Along these lines, check out the website for the Gerson Lehrman Group. This summer, this site made the news due to this August article in the Seattle Times, which detailed how doctors involved in confidential studies were hired to leak results for the benefit of hedge funds and other clients. Here is a rebuttal to the Seattle Times piece from the Gerson Lehrman Group.

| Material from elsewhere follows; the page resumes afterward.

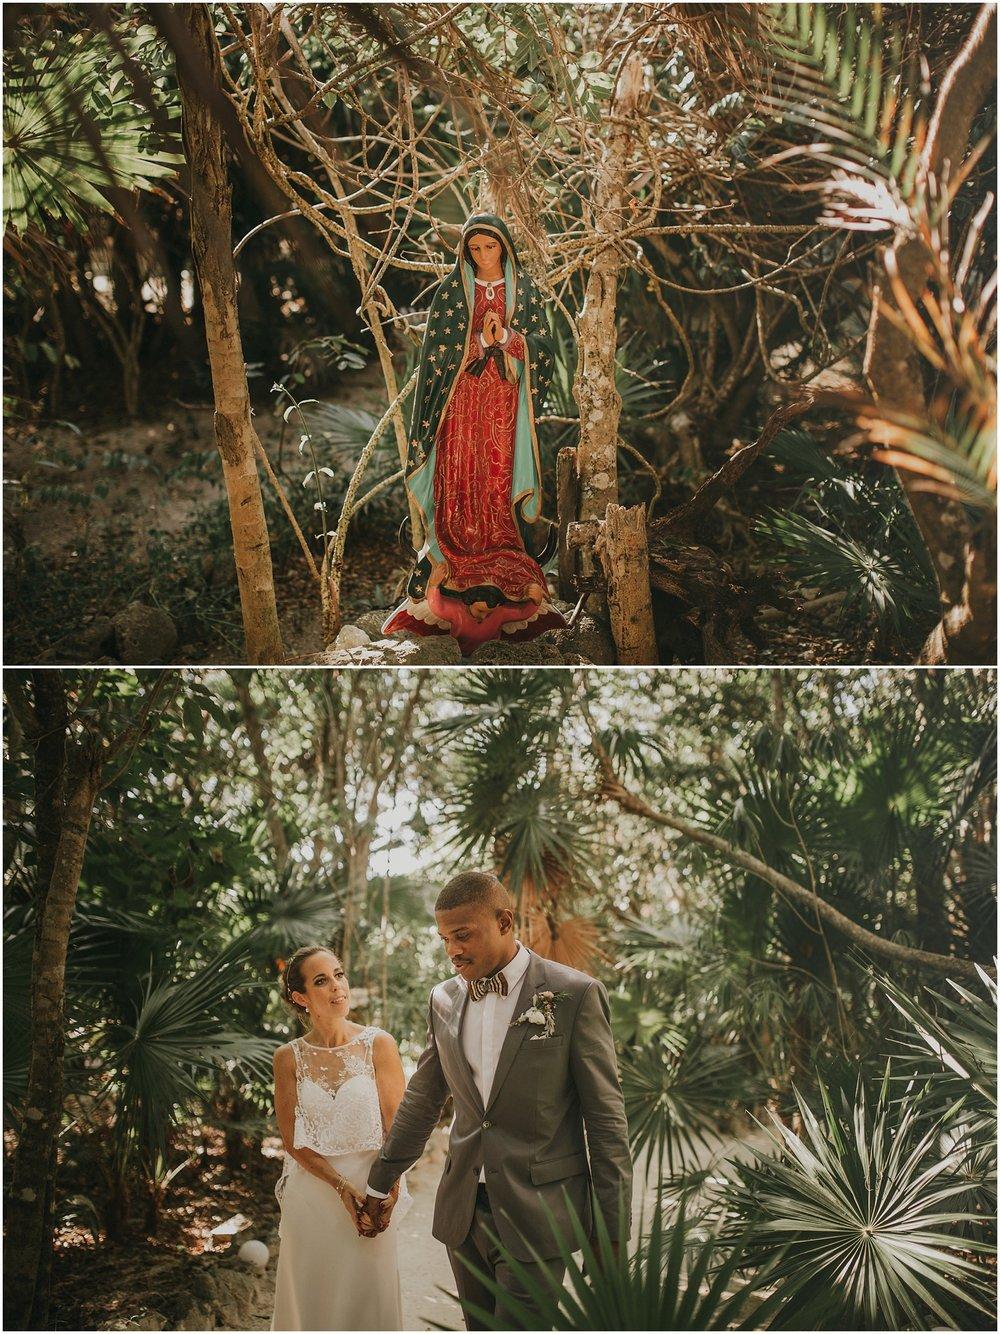 Pablo Laguia wedding photographer 083.jpg

Don’t assume that your employees would laugh at the side money offered by groups like Gerson Lehrman. Despite the fact that your research people might have signed confidentiality agreements, I have spoken to more than a few companies whose employees didn’t realize that they weren’t allowed to communicate with the outside world about their studies. As part of the company’s compliance culture, it certainly makes sense to periodically remind them that such side arrangements would violate their employment conditions, etc.
Pleathora of Sarbanes-Oxley Articles
Yesterday, the WSJ carried a spection section on “Living with Sarbanes-Oxley,” including this article on “governance by gunpoint” with a quote from yours truly.
Winning Strategies in Auctions
We have posted the transcript from the DealLawyers.com webcast: “Winning Strategies in Auctions.”
Also on DealLawyers.com, in this podcast, George Casey of Shearman & Sterling discusses the SEC’s Divisions of Corporation Finance and Market Regulation jointly issued no-action and exemptive letter to Axel Springer providing relief under the tender offer rules (Axel Springer, a German stock corporation, made a cash tender offer for another German company), in particular focusing on the following questions:
– What is the significance of the SEC giving a cross-border relief in connection with an offer for a company that does not qualify as a “foreign private issuer”?
– It appears that the bidder would be permitted to pay for the tendered shares with a significant delay after the expiration of the offer period. Why was this relief necessary?
– Is the “prompt payment” relief likely to become recurring in German offers?
– The bidder will give withdrawal rights after the expiration of the offer. Why is this necessary?
Are You the MOH in Your Office?
Today’s Dilbert reminded me of the hilarious skit at yesterday’s Association of Corporate Counsel Annual Conference about widespread persecution of the “male office honey.”